The following extract/review by John Fordham appeared in The Guardian, July 6, 2000:
When John Zorn, the volcanically productive new-music alchemist, picked up his alto sax at the Barbican this week, the audience braced itself for a ride to the brink of migraine. The American saxophonist and composer had appeared on this stage twice in the previous nine months. But while those occasions featured first chamber music, then a blend of jazz and traditional Jewish music, this time Zorn brought a heavyweight improvising band featuring former Henry Cow guitarist Fred Frith, drummer David Lombardo and bassist Bill Laswell.

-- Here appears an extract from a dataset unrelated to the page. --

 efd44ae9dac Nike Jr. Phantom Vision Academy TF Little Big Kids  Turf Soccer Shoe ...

Lombardo's sinister tappings heightened expectations at the opening, and sure enough Zorn opened with probably the loudest and longest overblown alto-sax note heard on that stage. The pieces were urgent and succinct, frequently winding up on abrupt crash-stops or circituitous but logical decelerations.

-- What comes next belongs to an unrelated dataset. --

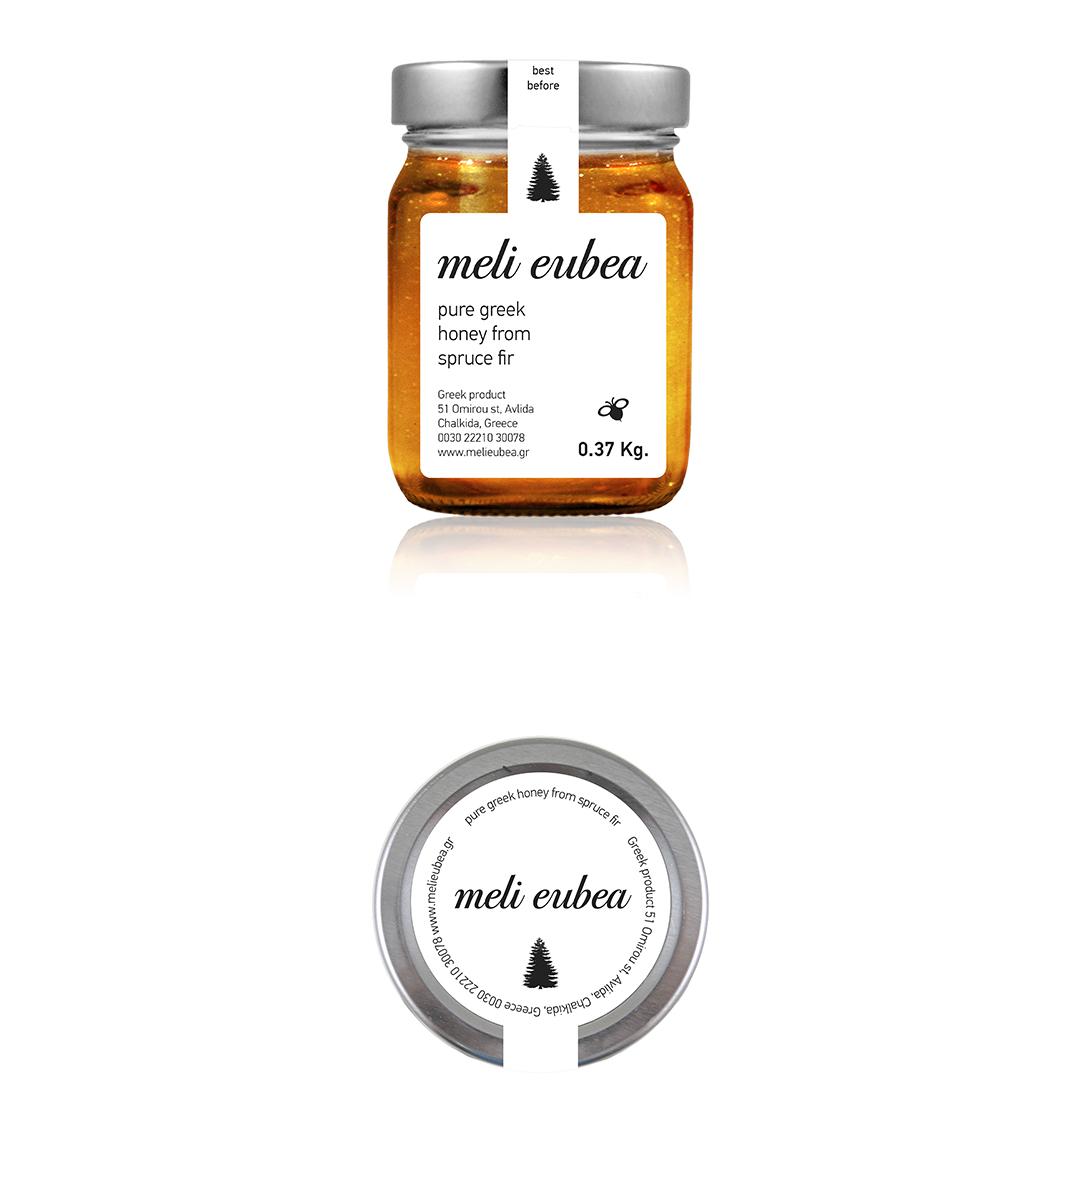 meli eubea label

With barely perceptible nods and gestures, Zorn determined who played with whom, and when. While some improv purists might describe this as cheating, the framework kept the audience insured against everything that Zorn and Frith cold hurl at it. Nor was it all white-heat improvising. A scrambled, lopsidedly swinging Frith intro brought Zorn to a spine-tingling sax lament, which ended in a trance-like fluttering of the instrument's pads alone. A whirling, repeated Ornette Coleman-like figure brought an exquisite solo of glinting sounds from Frith.

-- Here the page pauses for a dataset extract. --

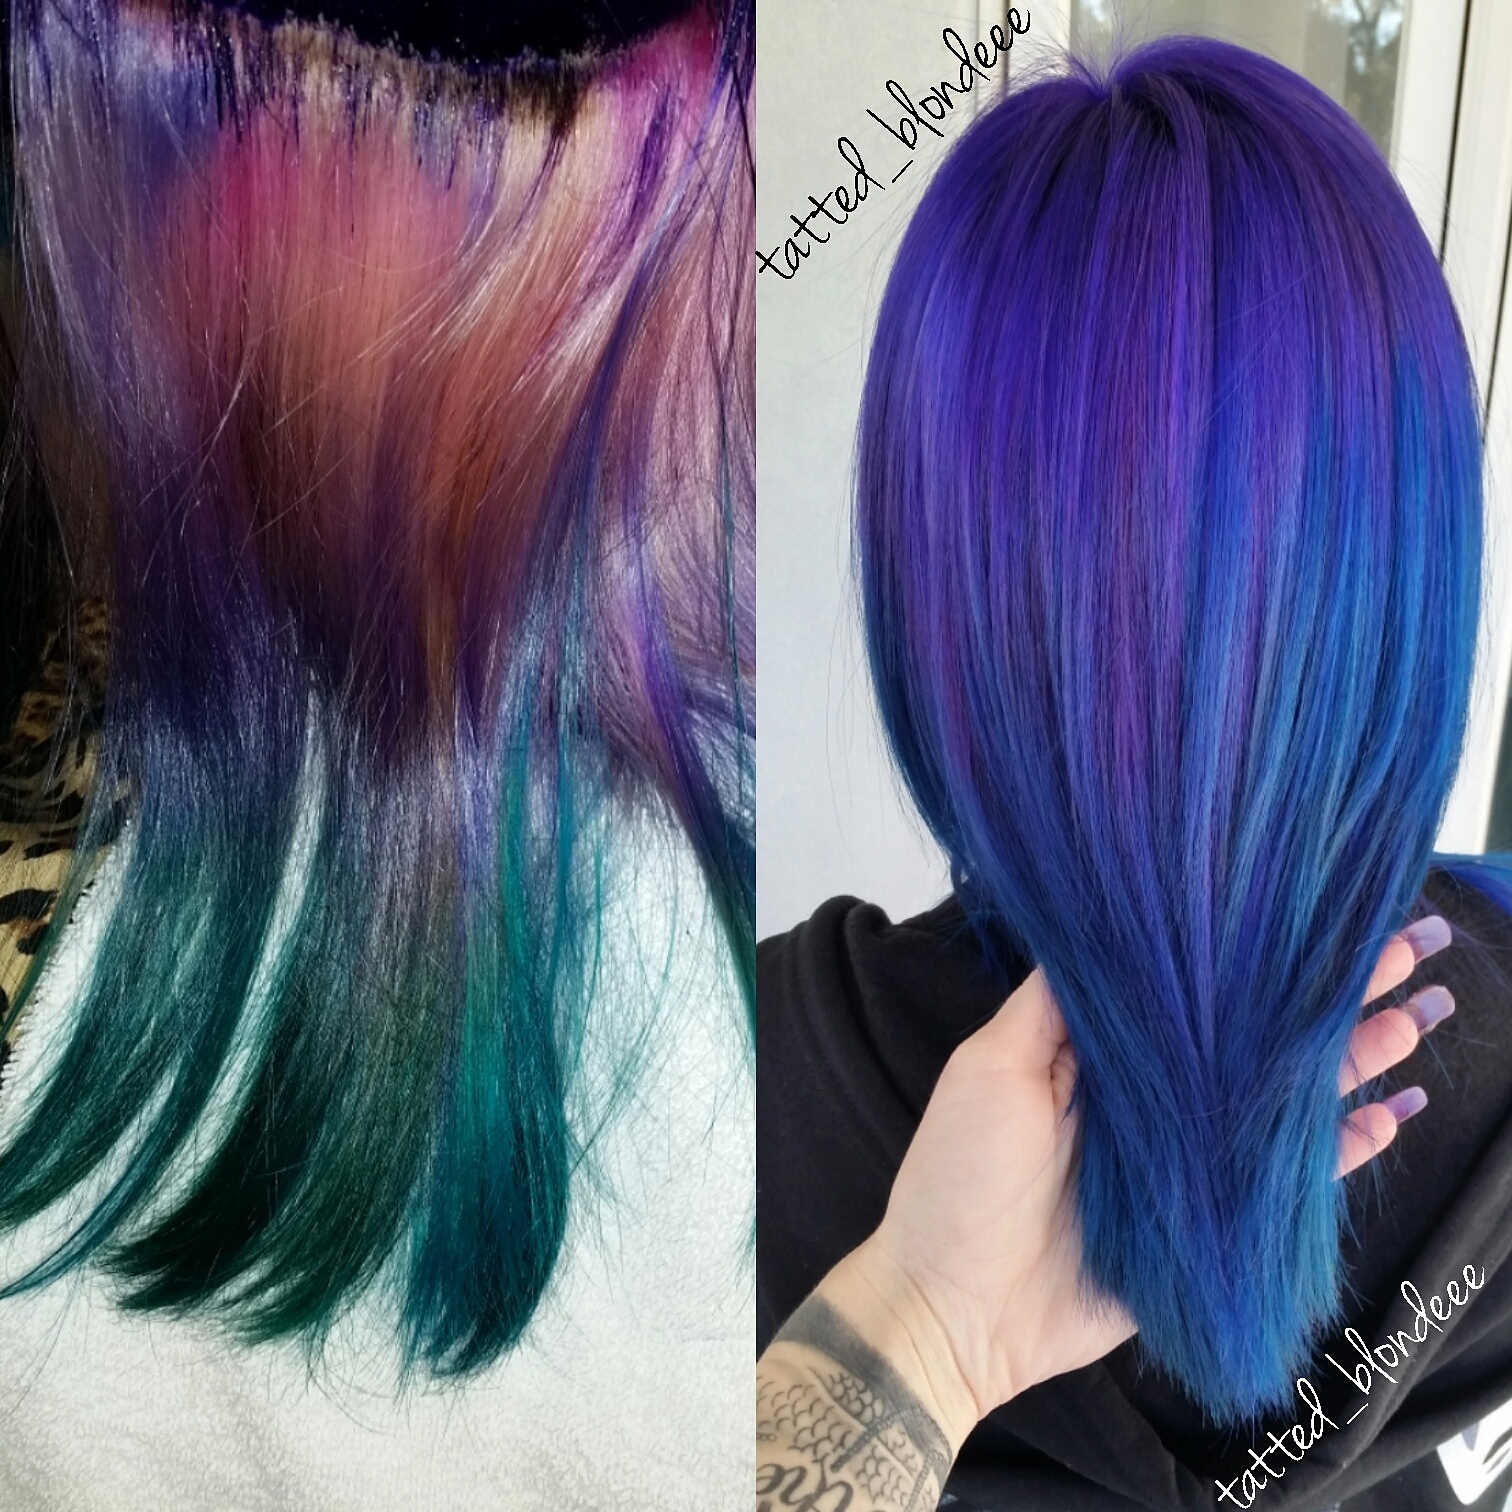 TRANSFORMATION: Faded Fun To Purple/Blue Melt

A barrage of squalling between Frith and Zorn gaveway to an episode of movie soundtrack atmospherics between Laswell and Lombardo. Zorn made a motorbike sound way below the alto's range and Frith detuned to follow him, but then the saxophonist turned to breezy, dancing figures. It was fluid, restless, wild, and rich in contrast. The audience reaction was ecstatic, despite the mugging of its eardrums by Zorn’s ferocious music.